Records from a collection
□ □ □
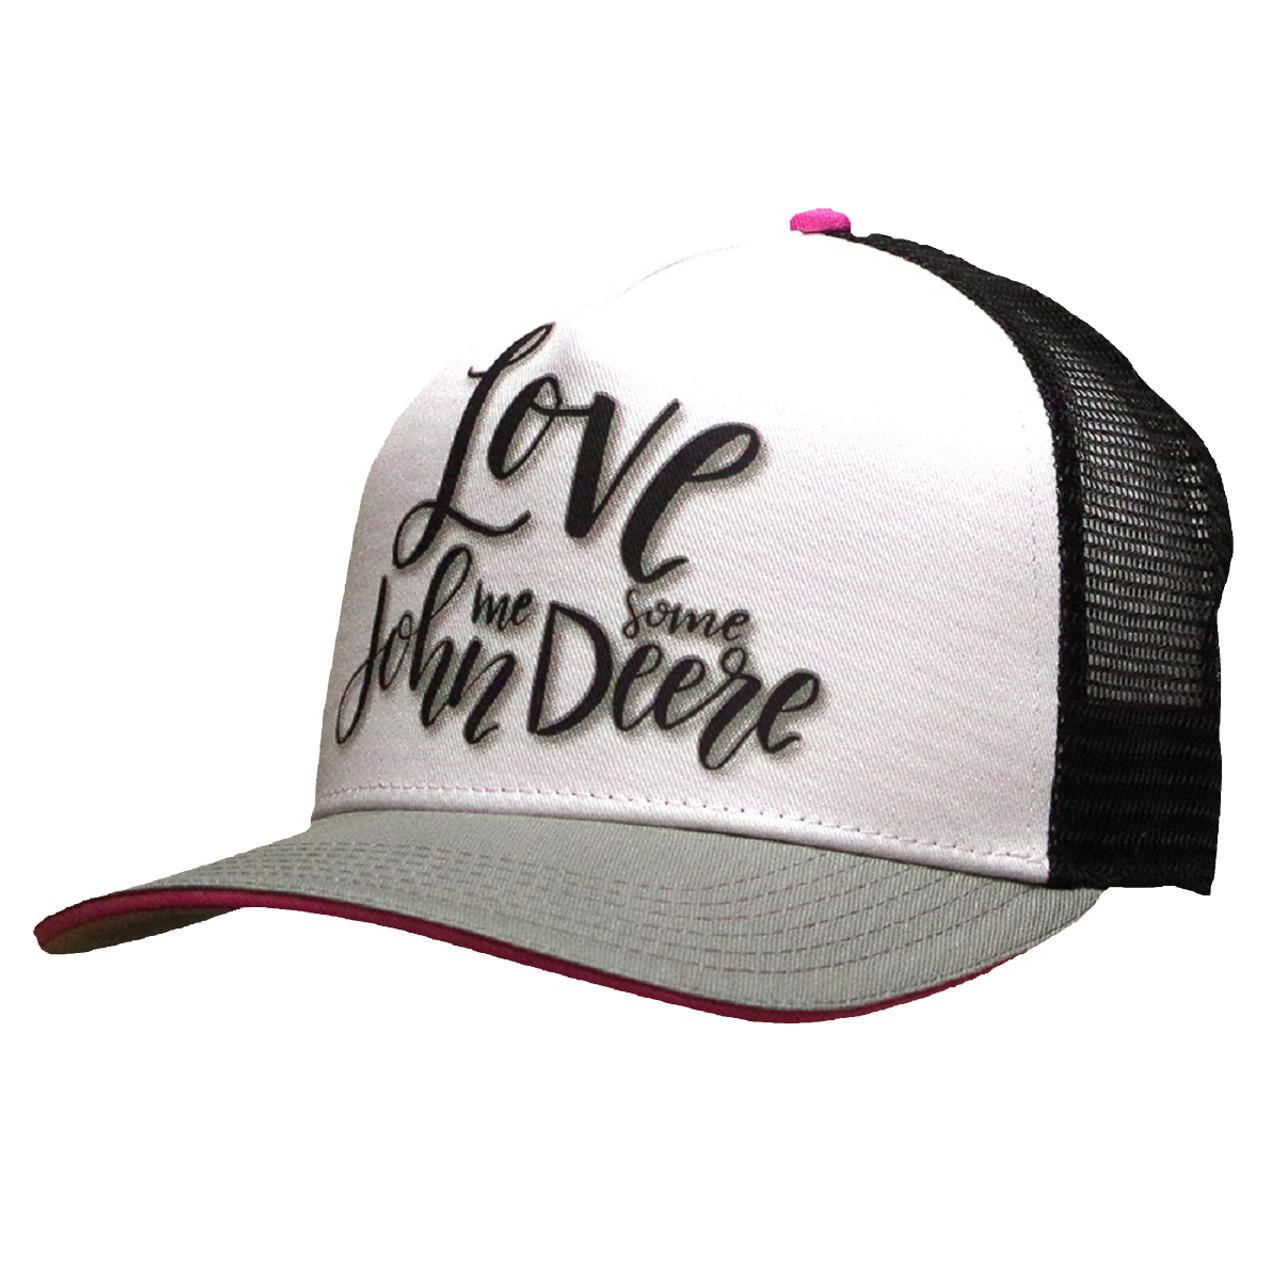 b60967a6399 John Deere Love Me Some John Deere Snapback Hat - Trenz Shirt Company
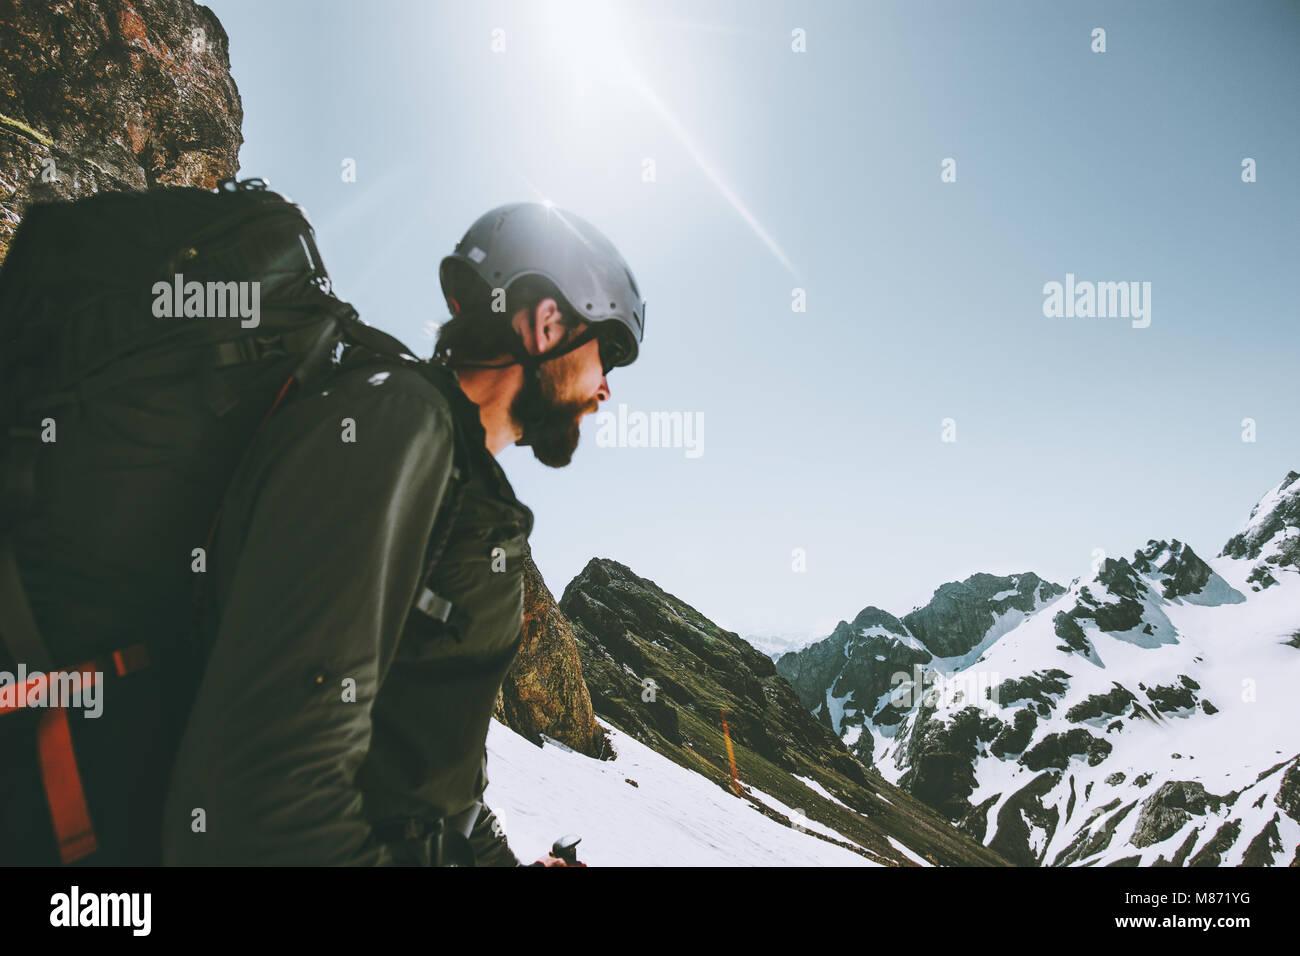 L'aventurier de l'homme en montagne escalade aventure voyage concept de vie actif en plein air vacances Photo Stock
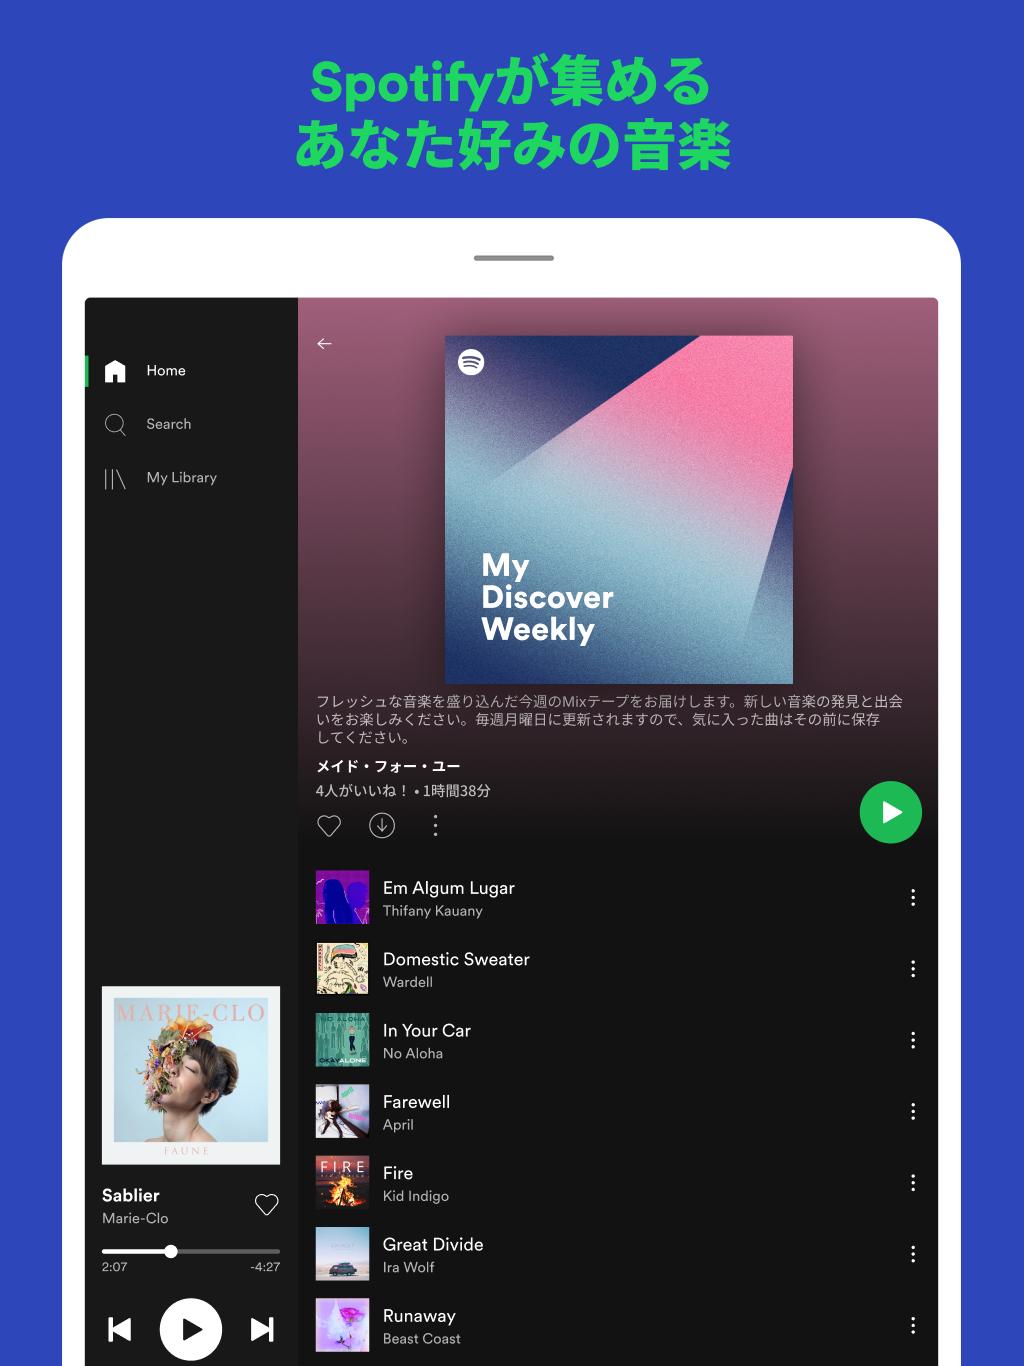 spotify apk ダウンロード
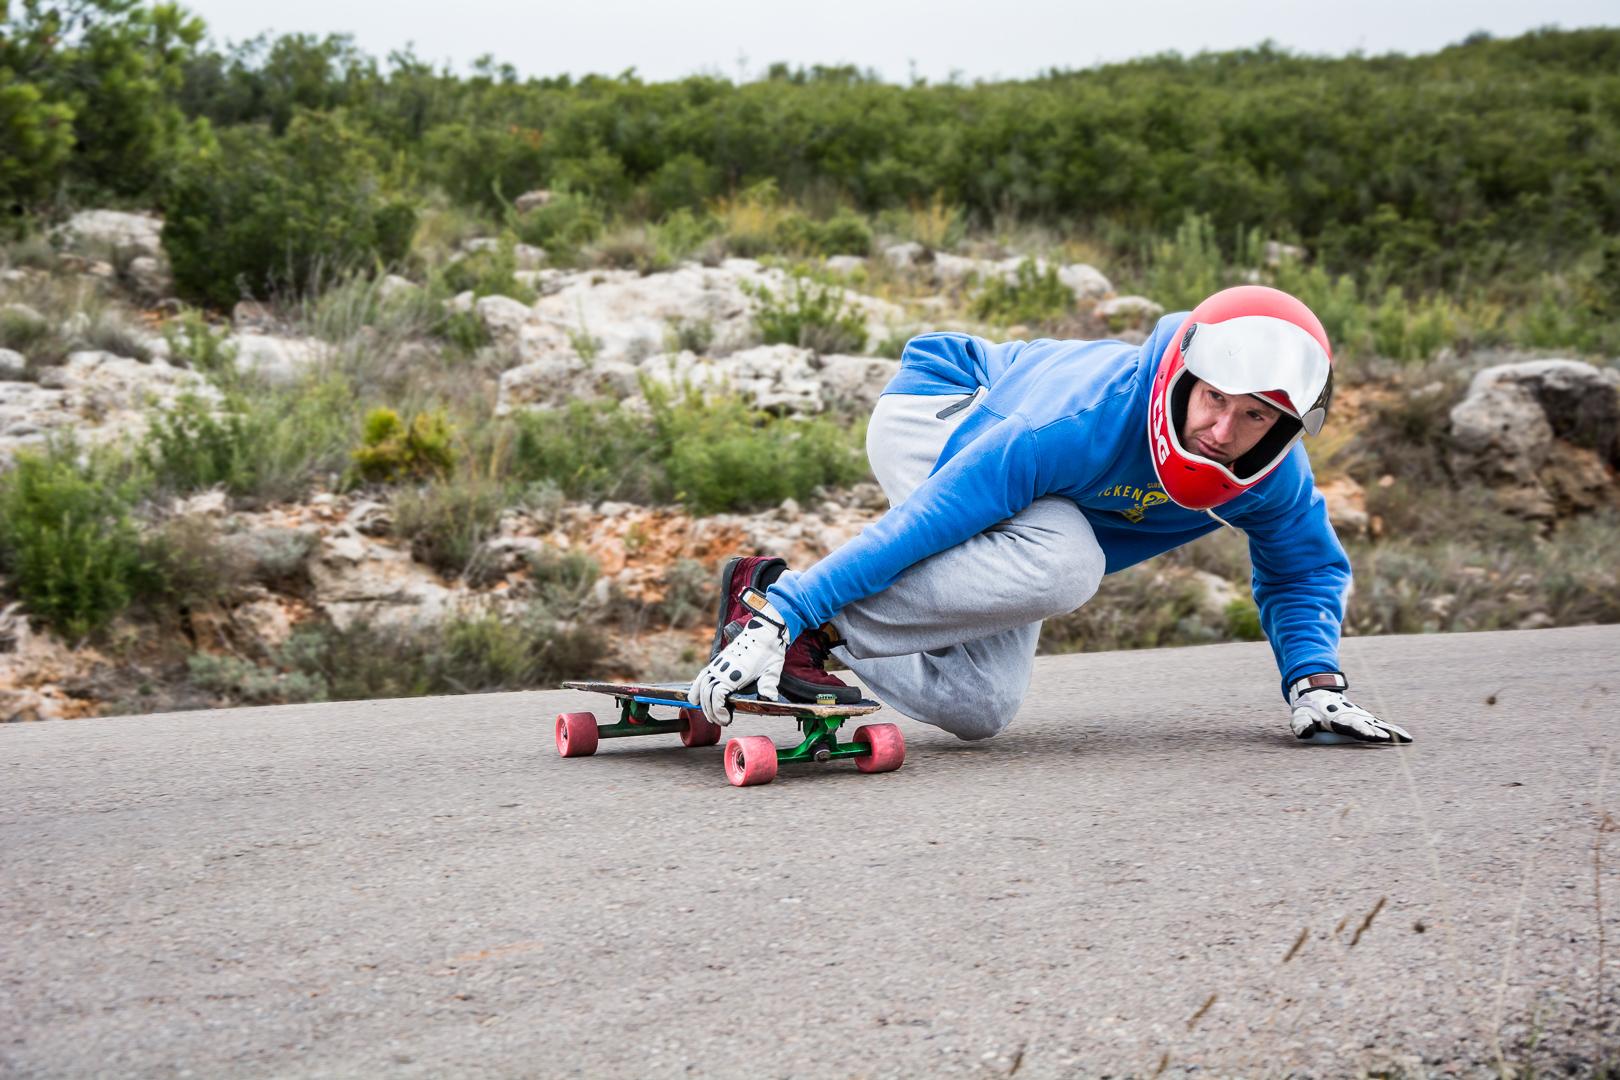 freeride y downhill longboard
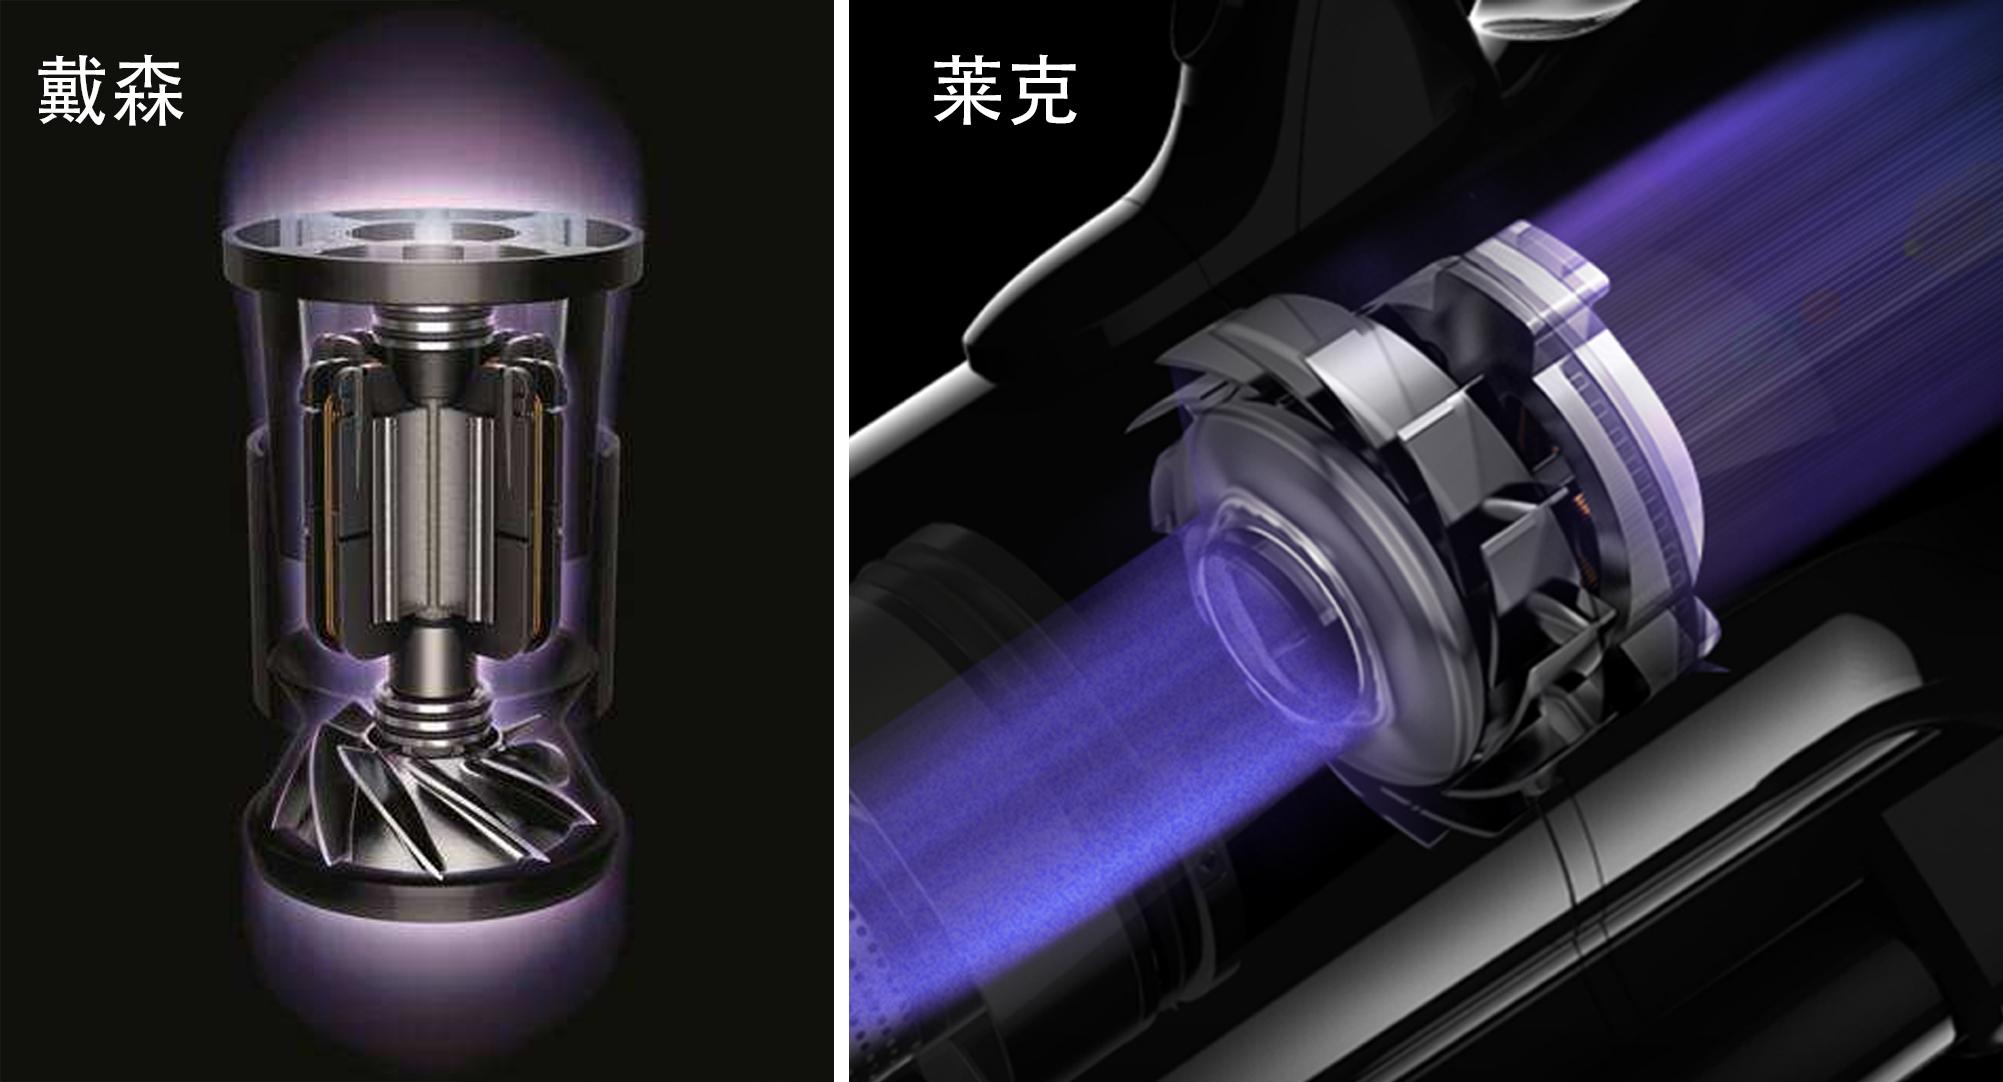 家用吸尘器哪家强,莱克魔洁M85plus和戴森V10体验测评
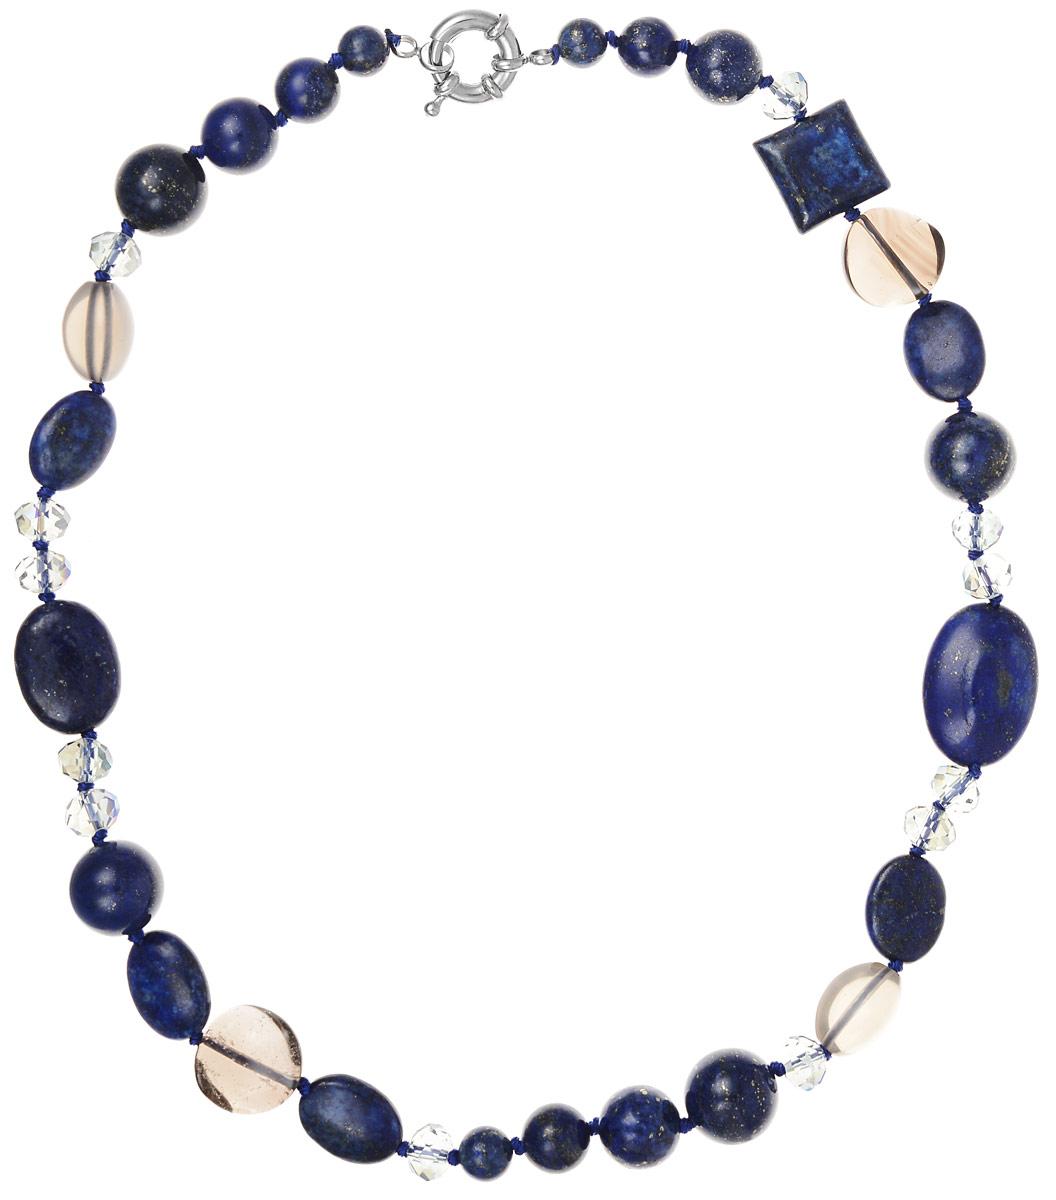 Бусы Art-Silver, цвет: синий, длина 45 см. СМЦ74-1-456СМЦ74-1-456Бусы Art-Silver выполнены из лавы, кварца и кристаллов. В этих бусах вы всегда будете выглядеть женственно, привлекательно и оригинально. Объемная фактура придаст изящества женской шее. Изделие оснащено удобным замком-карабином. Каменные бусины из лавы, нанизанные на нить - это больше, чем просто украшение. В них соединились силы стихии земли, огня и воздуха. У вулканических камней богатая история. Еще в древние времена их использовали шаманы для обрядов и заговоров. Считалось, что амулет из вулканического камня наделен огромной силой: он гармонизирует течение жизненных сил, успокаивает и направляет в правильное русло внутреннюю энергию человека.
□ □ □
> _WORK TO BE COMPLETED_:
In the answer, the entries must appear exactly as above, without the images.

> _RESPONSE BELOW_:
 b60967a6399 John Deere Love Me Some John Deere Snapback Hat - Trenz Shirt Company
 L'aventurier de l'homme en montagne escalade aventure voyage concept de vie actif en plein air vacances Photo Stock
 spotify apk ダウンロード
 freeride y downhill longboard
 家用吸尘器哪家强,莱克魔洁M85plus和戴森V10体验测评
 Бусы Art-Silver, цвет: синий, длина 45 см. СМЦ74-1-456СМЦ74-1-456Бусы Art-Silver выполнены из лавы, кварца и кристаллов. В этих бусах вы всегда будете выглядеть женственно, привлекательно и оригинально. Объемная фактура придаст изящества женской шее. Изделие оснащено удобным замком-карабином. Каменные бусины из лавы, нанизанные на нить - это больше, чем просто украшение. В них соединились силы стихии земли, огня и воздуха. У вулканических камней богатая история. Еще в древние времена их использовали шаманы для обрядов и заговоров. Считалось, что амулет из вулканического камня наделен огромной силой: он гармонизирует течение жизненных сил, успокаивает и направляет в правильное русло внутреннюю энергию человека.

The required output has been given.